Aside from the conversation with Guyon, Richard was also plagued by the speech he was expected to give. Katherine had been urging him to prepare a few comments about Claire and Paul’s first meeting, their engagement, their new lives together. Richard had spent hours writing down and scratching out phrase after phrase, trite saying after trite saying. He’d arrived at the club that evening with nothing written down, only a head full of vague notions of things he wanted to say, emotions he wanted to convey, ideas he somehow wanted to condense into words.
But then this debacle with the Lytles on their trip over from the hotel. Now he was rattled and standing outside and smoking what he hoped would be his last cigarette before dinner, his mind turning over the things he could say in front of this audience that would make some kind of lasting impression on the Lytles. He wanted to give them something to think about while they traveled back to the coast, where oak trees and dew-damp magnolias awaited them at the great plantation they’d managed to cling to in the years following the War Between the States. He wanted them to part with a clear idea of who his family was, what his town was, what his role in all of it was.
He squinted his eyes as if doing so could allow him to look into his own brain for any words that might be floating past the screen of his mind.
“When one thinks of today’s youth,” he whispered to himself. “When one thinks of today’s youth, it is easy to consider what one sees before him on the streets of a city or hears on the radio or learns of through rumor and assumption. But we must not, we cannot, confuse those youth with our own, these great young men and women who have gathered here tonight to celebrate the greatest young man and the greatest young woman I have ever known. These are the youth that a great state like ours and a great city like ours give rise to.” But he stopped when he considered that Paul was not from Gastonia or Gaston County, and Richard certainly wasn’t willing to invoke the grandeur of Wilmington or New Hanover County on a night like this after what the Lytles had seen.

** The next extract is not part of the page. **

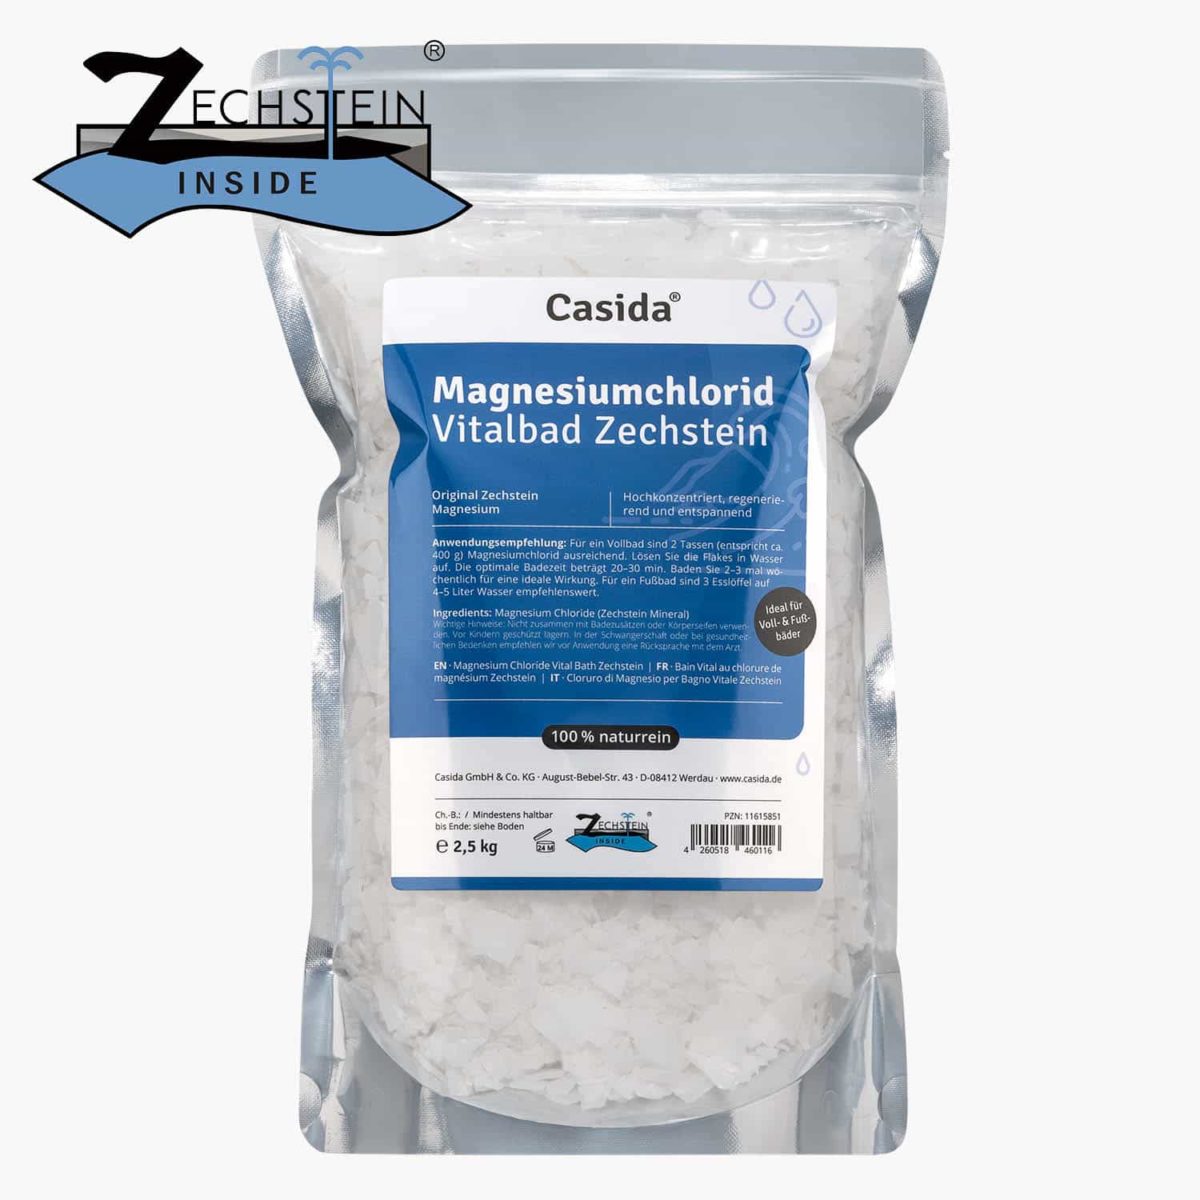 Casida Magnesiumchlorid Vitalbad Zechstein 2,5 kg PZN DE 12477032 PZN AT 4555829 UVP 26,95 € EAN 4260518460123

He closed his eyes more tightly and blotted out the screen in his mind, the white light that had been thrown upon it slowly burning into a hot rage against Lytle. He opened his mouth and began again.
“When I think of today’s youth, I do not think of what I see and hear. I’d be a fool to be so blind. No, I think of who and what I know, and I know the wonderful young men and women in this room tonight, so many of you from here in Gaston County, so many of you dear friends of Claire’s since her birth. And it’s such a pleasure for Claire’s future in-laws to have the chance to witness the best of what a city like ours has to offer.”
He was getting closer to what he wanted to say to the assembled crowd, what he wanted to say directly to George Lytle, a man whom Richard had seen only once before this evening. He’d met Paul a handful of times while he and Claire were courting. He’d found the young man shy, awkward, soft-spoken, and kind, somewhat provincial, but that was to be expected of any landed family from coastal North Carolina, where so much of the state’s power and former glory had once been seated.